ACTIVITY
All of the data below should come back exactly as written, minus its images.

DATASET EXCERPT
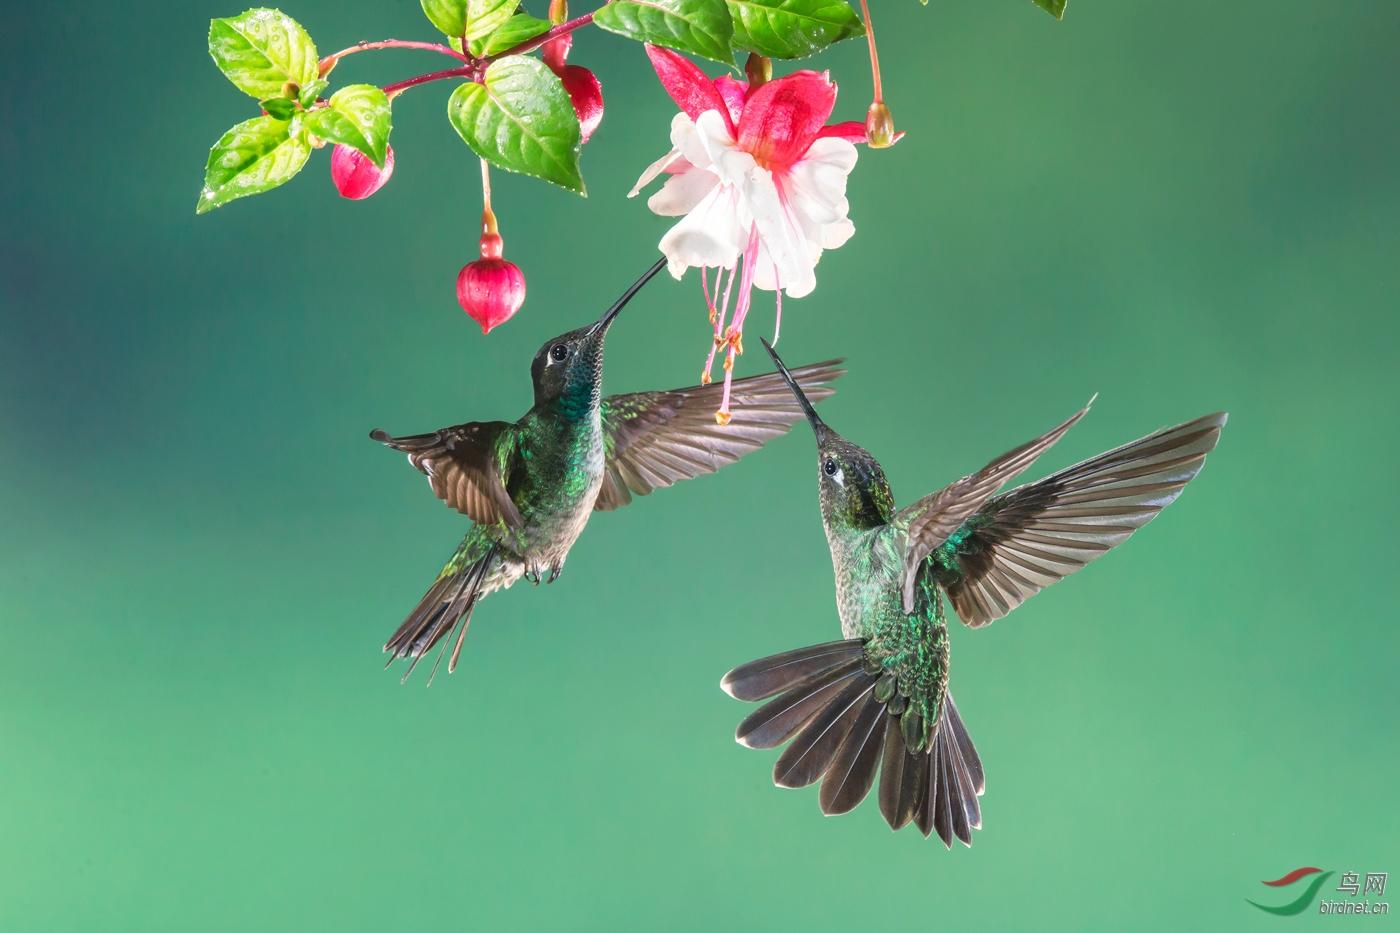 鸟舞翩跹.jpg
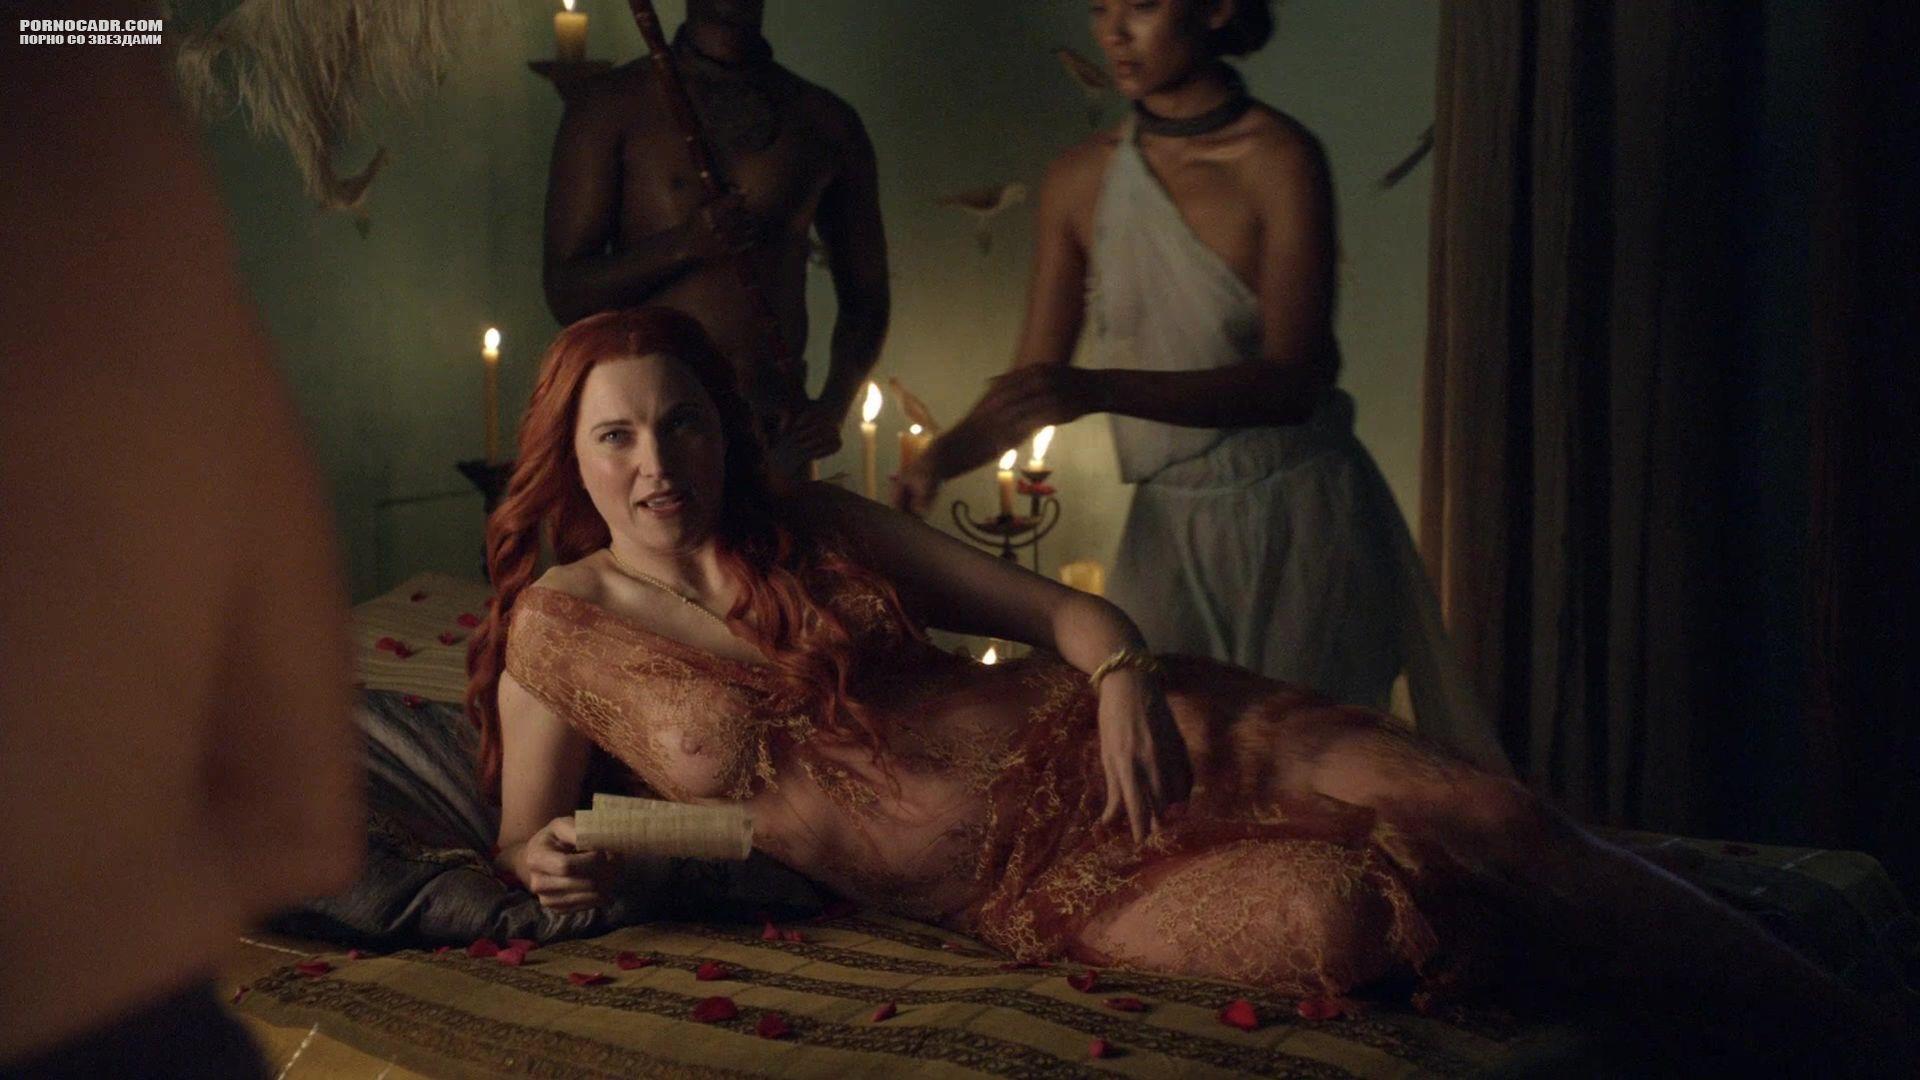 Эротический фильм спартак с русским переводом, женский оргазм ру видео
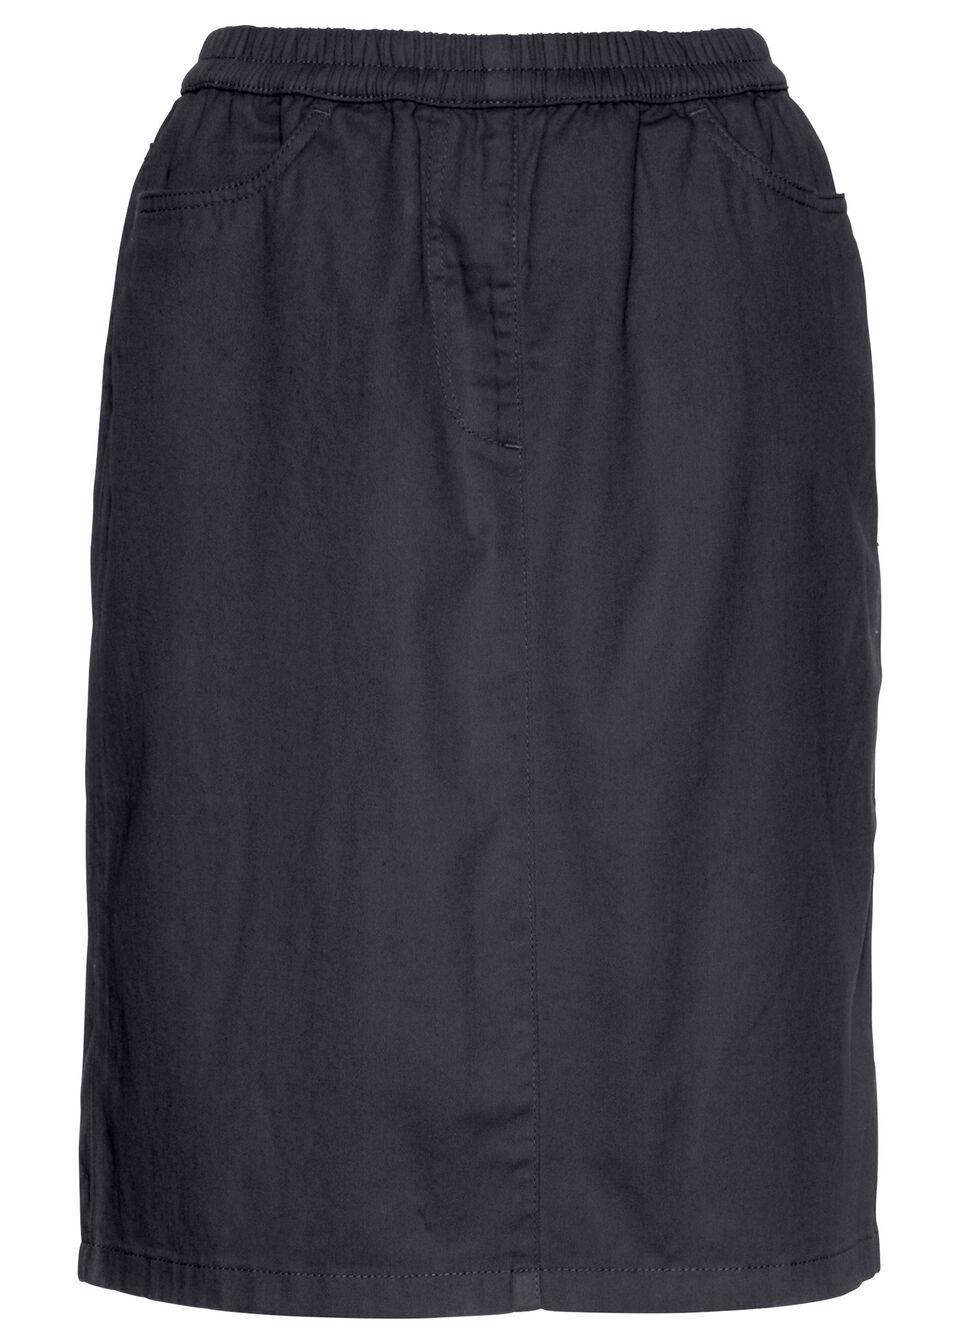 Spódnica bez zamka w talii bonprix czarny

RESULT
 鸟舞翩跹.jpg
 Эротический фильм спартак с русским переводом, женский оргазм ру видео
 Spódnica bez zamka w talii bonprix czarny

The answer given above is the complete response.